> _Exercise details_
All pictures are to be omitted while the lines starting at the line with "Gucci Men's Jumbo" and ending at the line with "Display Reproduction of" in the material below are retyped exactly, both ends included.

> _Records supplied_

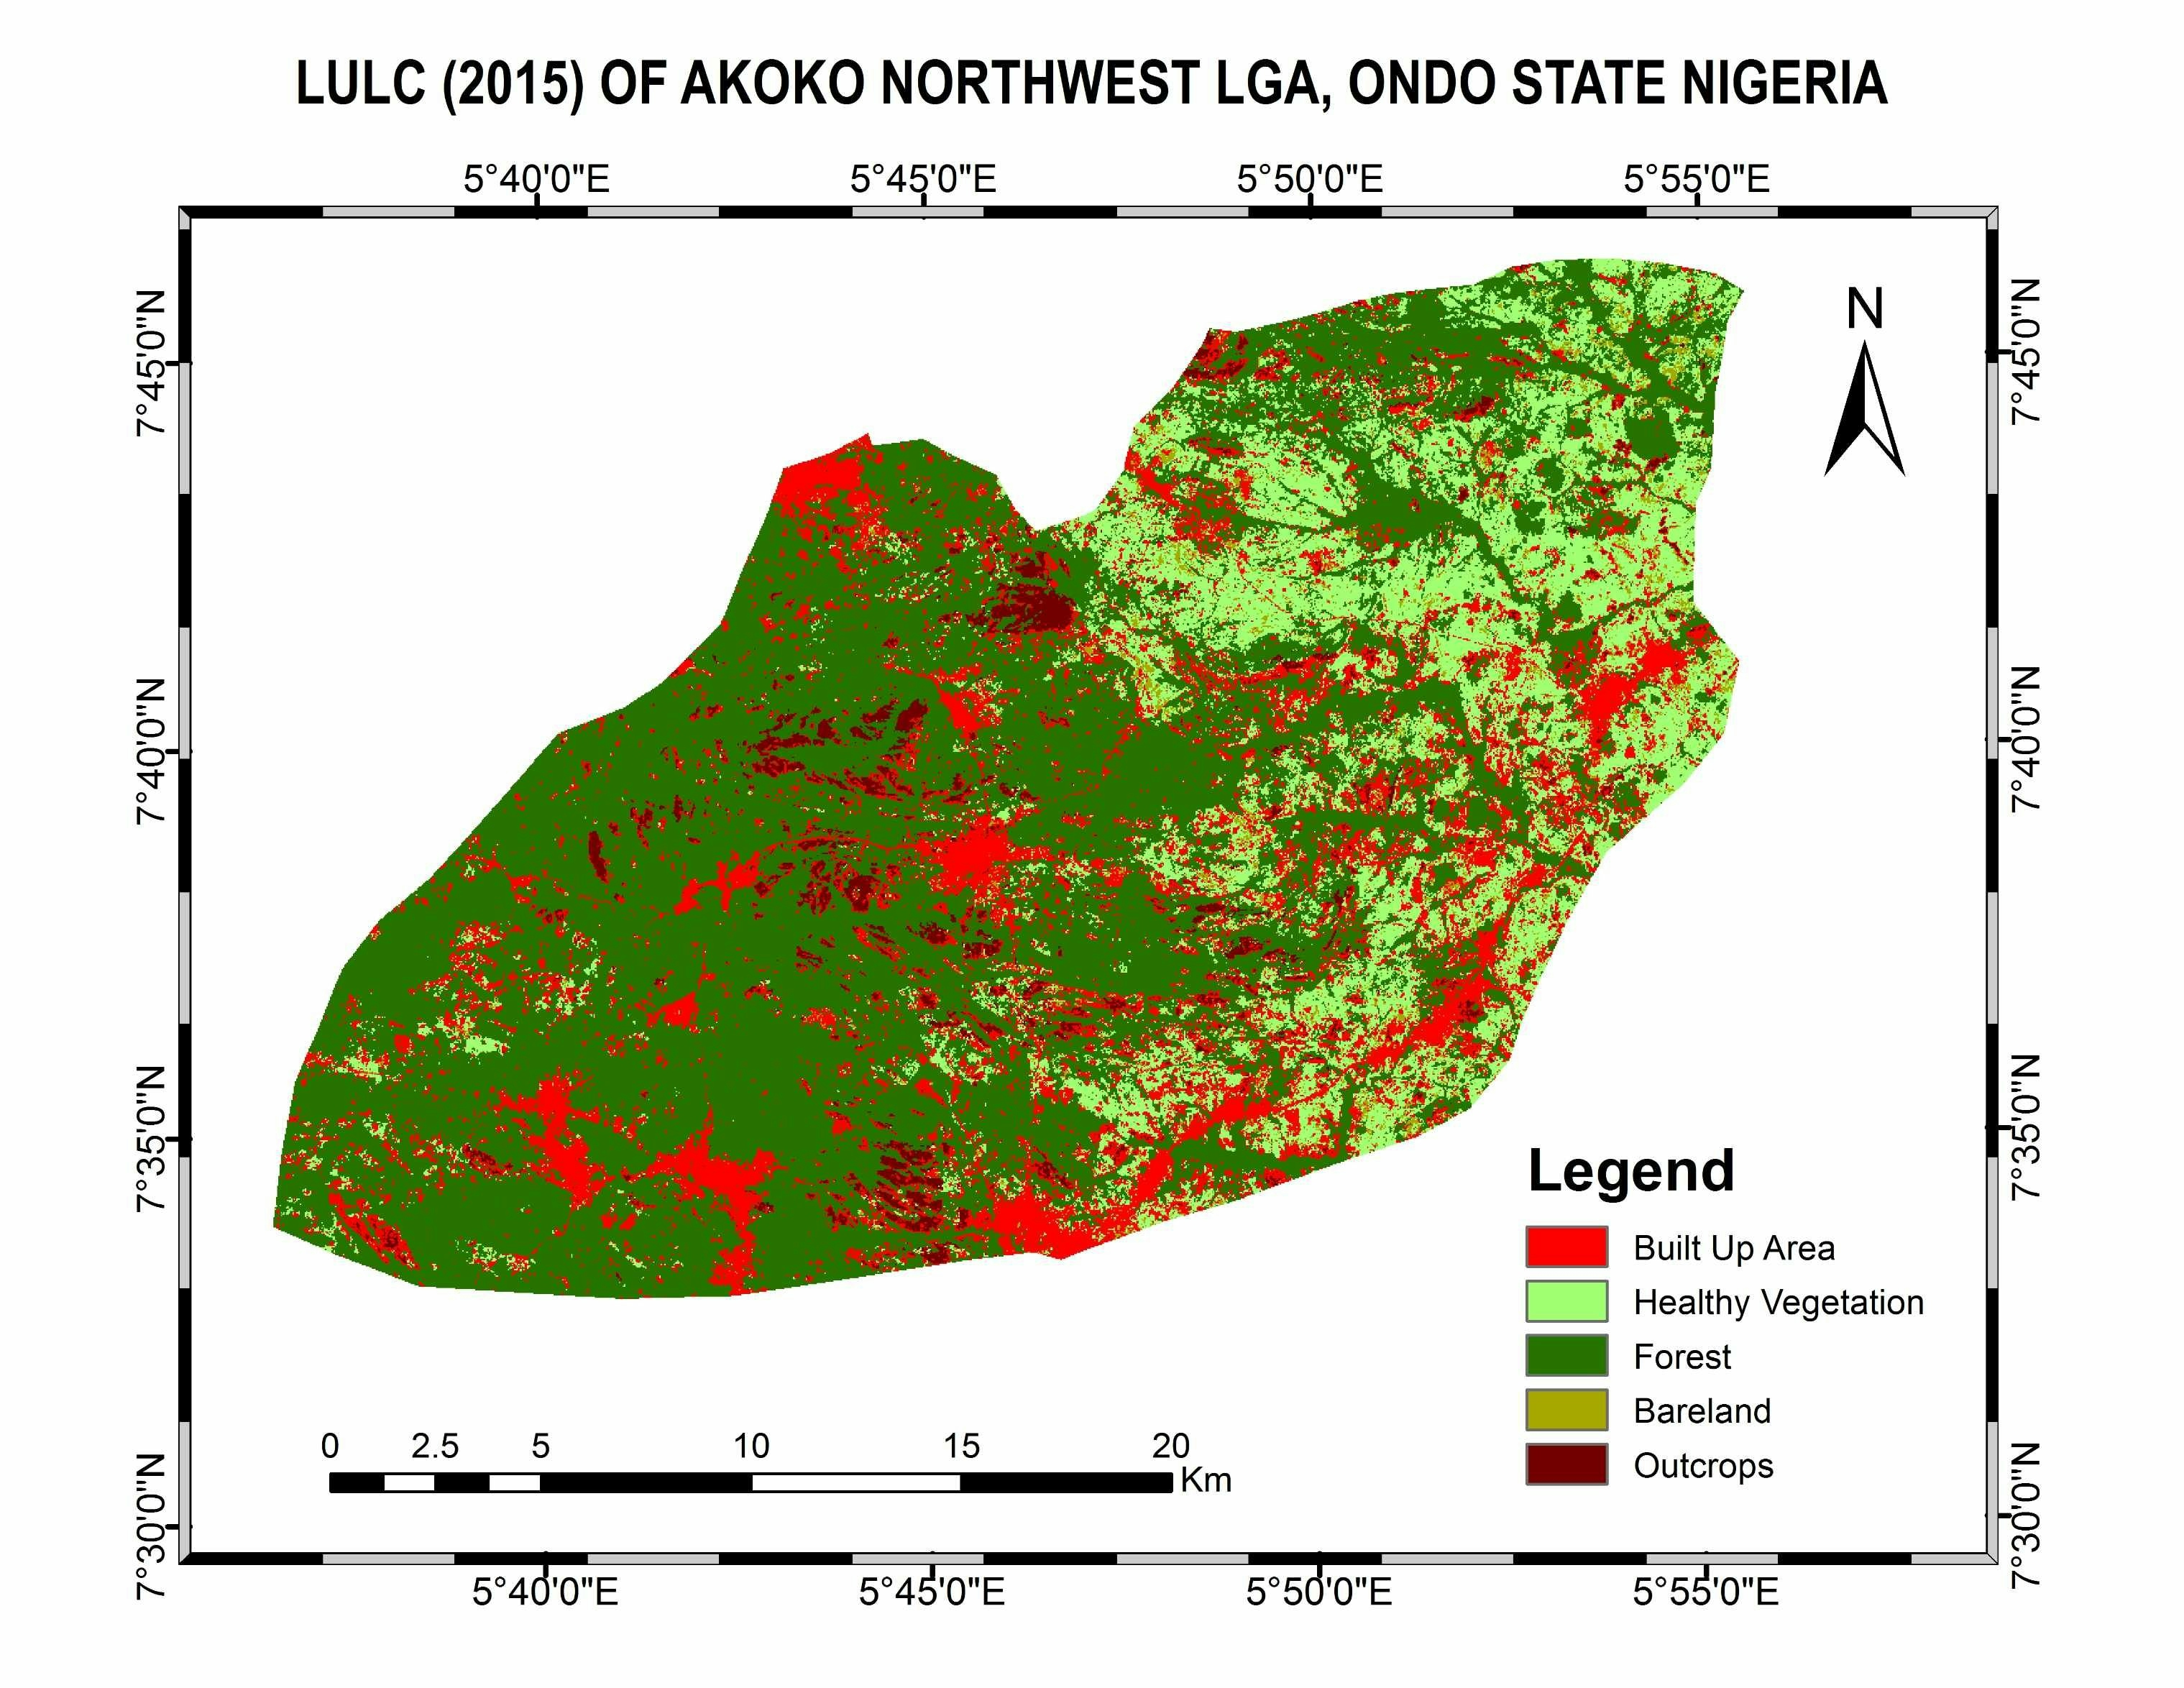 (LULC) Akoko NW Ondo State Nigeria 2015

...

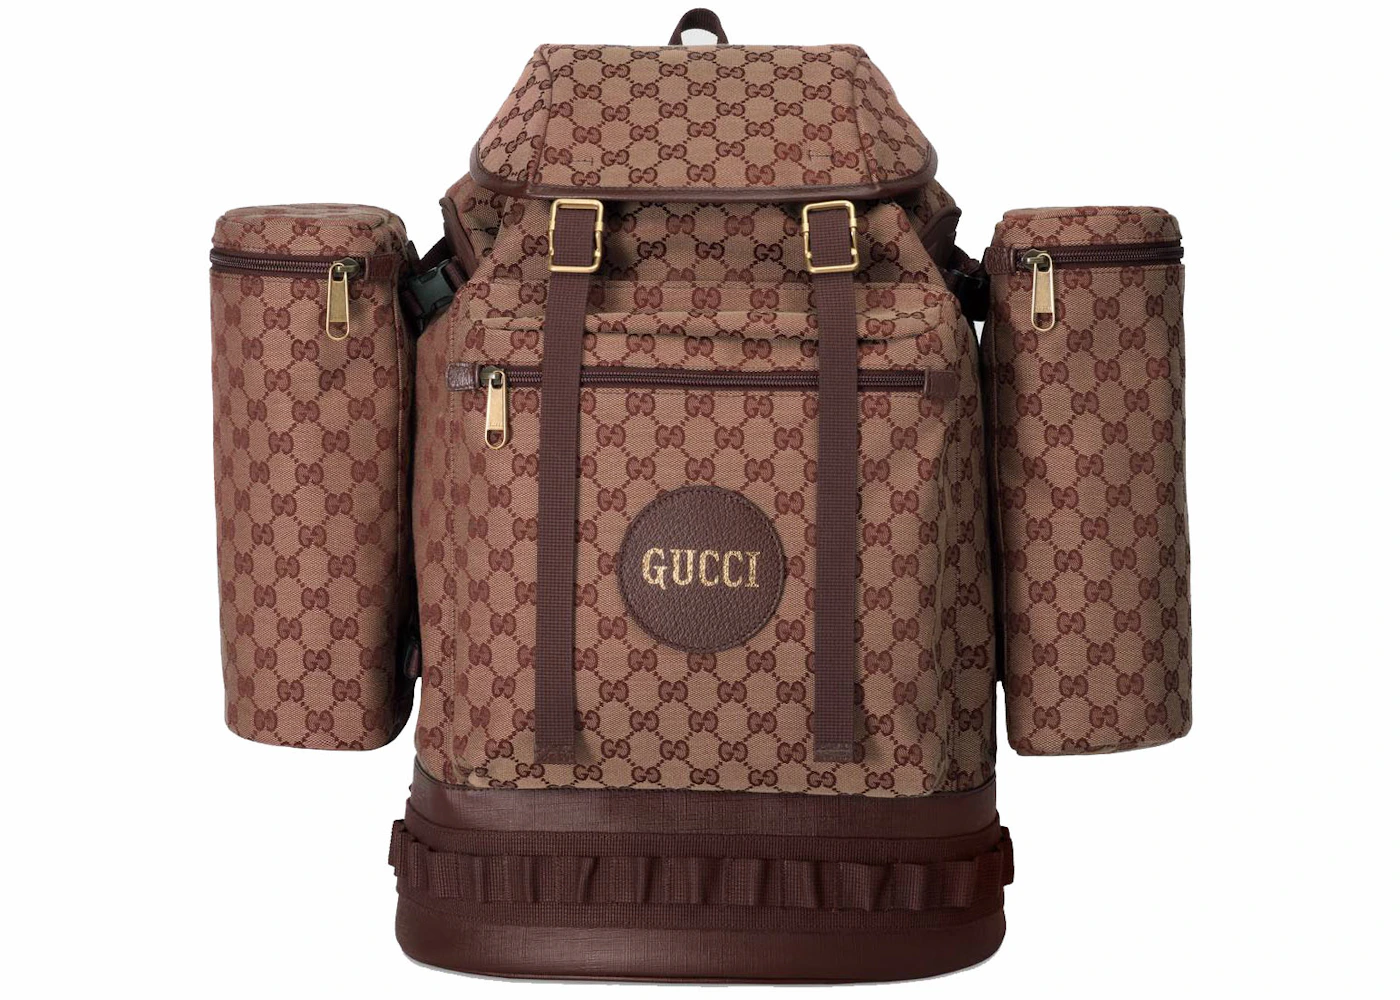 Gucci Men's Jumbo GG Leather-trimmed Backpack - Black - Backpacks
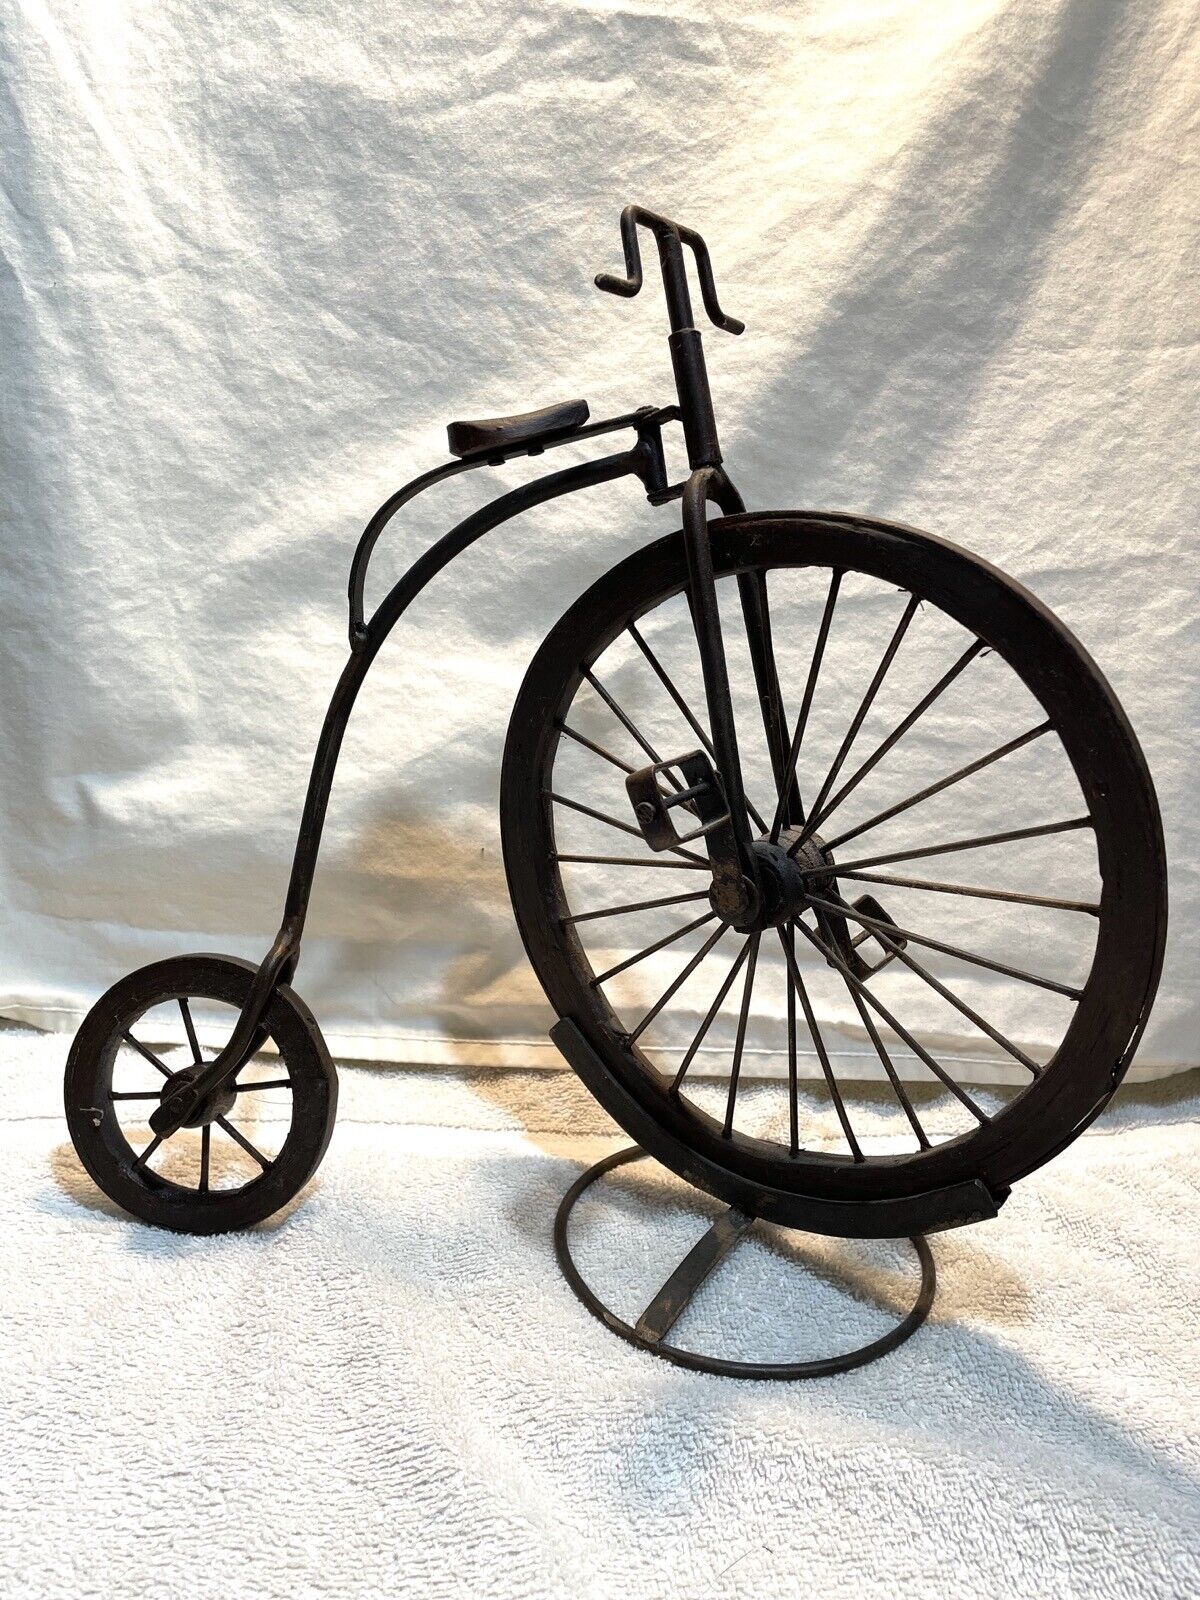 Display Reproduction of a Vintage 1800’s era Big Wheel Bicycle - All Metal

--

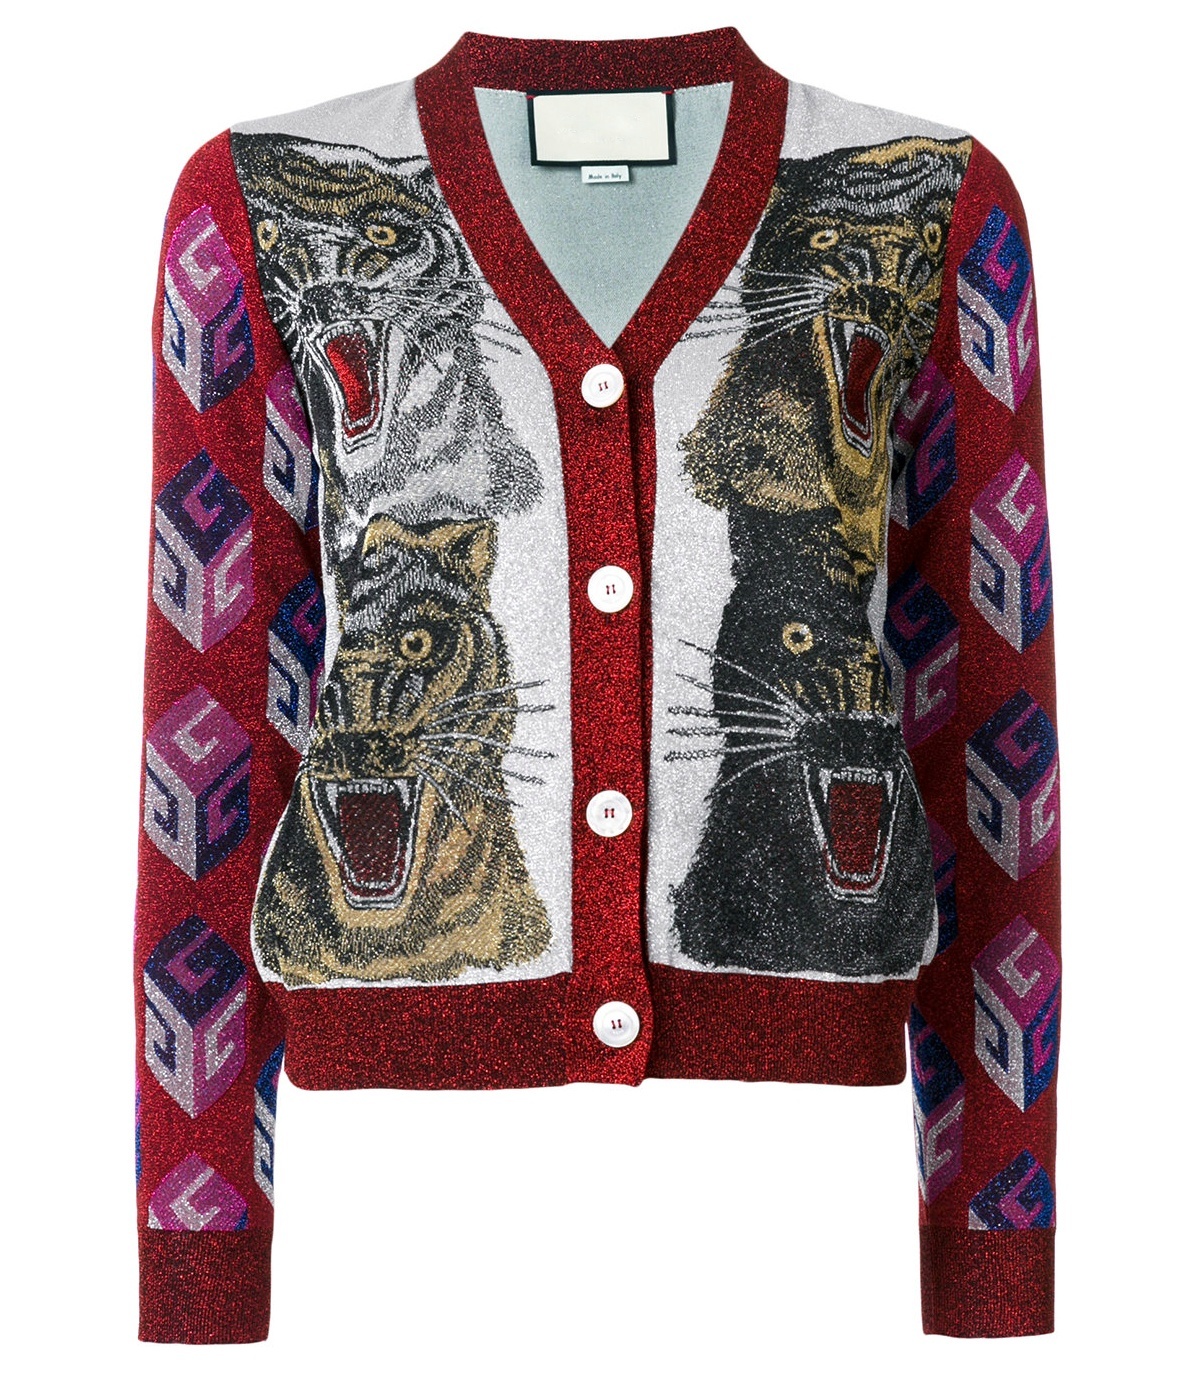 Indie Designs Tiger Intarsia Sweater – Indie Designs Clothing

> _Solution below_
 Gucci Men's Jumbo GG Leather-trimmed Backpack - Black - Backpacks
 Display Reproduction of a Vintage 1800’s era Big Wheel Bicycle - All Metal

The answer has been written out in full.